A dispute between the mayor and council means that tissue-based products have not been delivered to Trenton's civic buildings for months. Supplies are so stretched that even City Hall will be caught short by Friday.

The "toilet paper crisis" began in November when council members refused to sign off on a contract to buy a year's worth of new paper products, calling it a misuse of taxpayer money.

Mayor Tony Mack has spent the ensuing four months attempting to cajole them into reconsidering the $42,573 (£27,070) purchase. But he has yet to gain approval for a new deal, despite the council already setting aside necessary funds to finance it.

This week, the shortage reached crisis point as the city's police stations, fire departments, and senior citizens centres began to run out of everything from toilet roll to paper cups and towels.
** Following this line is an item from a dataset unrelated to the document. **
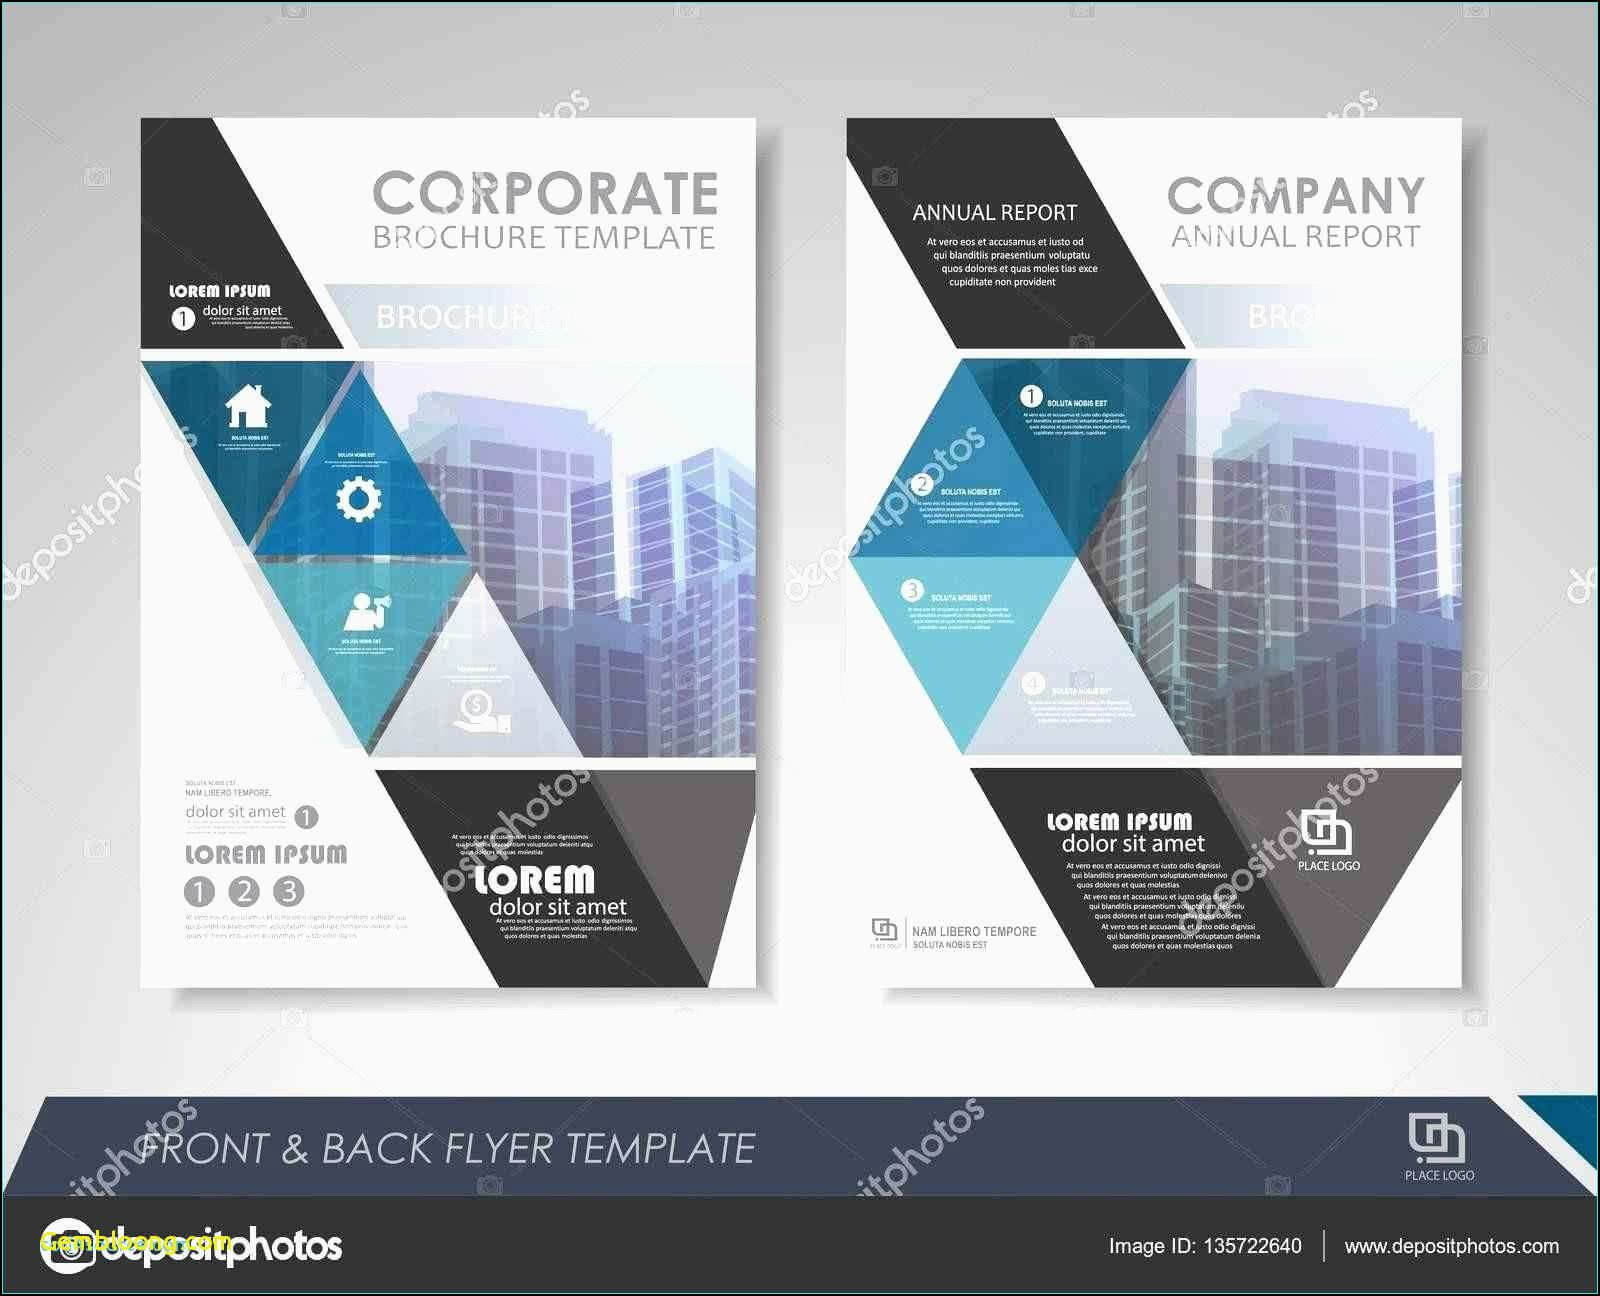 004 In Design Flyer Template Unbelievable Ideas Free Pertaining To Indesign Templates Free Download Brochure

Employees were forced to bring their own supplies to work.

"It's beyond dysfunctional," complained George Dzurkoc, of the Policemen's Benevolent Association. He said yesterday the men's lavatories at the city's police HQ had run out of paper. "My God. Basic necessities. What are we going to have to do, start rationing?"

Surreal scenes, meanwhile, greeted visitors to City Hall, where the council president, Kathy McBride, was pictured in an empty basement store-room next to a half-empty box of toilet paper and a box of paper towels. She said they represented the building's last available supplies. "I'm embarrassed," she said. "I feel that we are doing an injustice to the residents of the city and its employees."

The dispute between Ms McBride's council and Mayor Mack is petty, even by the standards of civic politics. At its centre is a $4,000 provision in the original proposed supply contract for a year's worth of paper cups.

Council members, who have had numerous fallings-out with Mr Mack since his election in 2010, claimed it was too expensive. But when the mayor removed the cups from the contract, they still refused to sign the deal, claiming it wasn't properly put out to tender.

Three debates have ended in stalemate. The council, which spends $180 million each fiscal year, has demanded Mr Mack does more to source paper from a local supplier. It also wants him to try harder to prevent city employees from stealing loo roll.

All of which is a boon to late-night comedians, who have already been making unkind jokes about both New Jersey's most famous residents – the cast of Jersey Shore, who seem to exist largely on a diet of protein shakes, junk food and alcohol – and the bowel movements of its Governor, Chris Christie.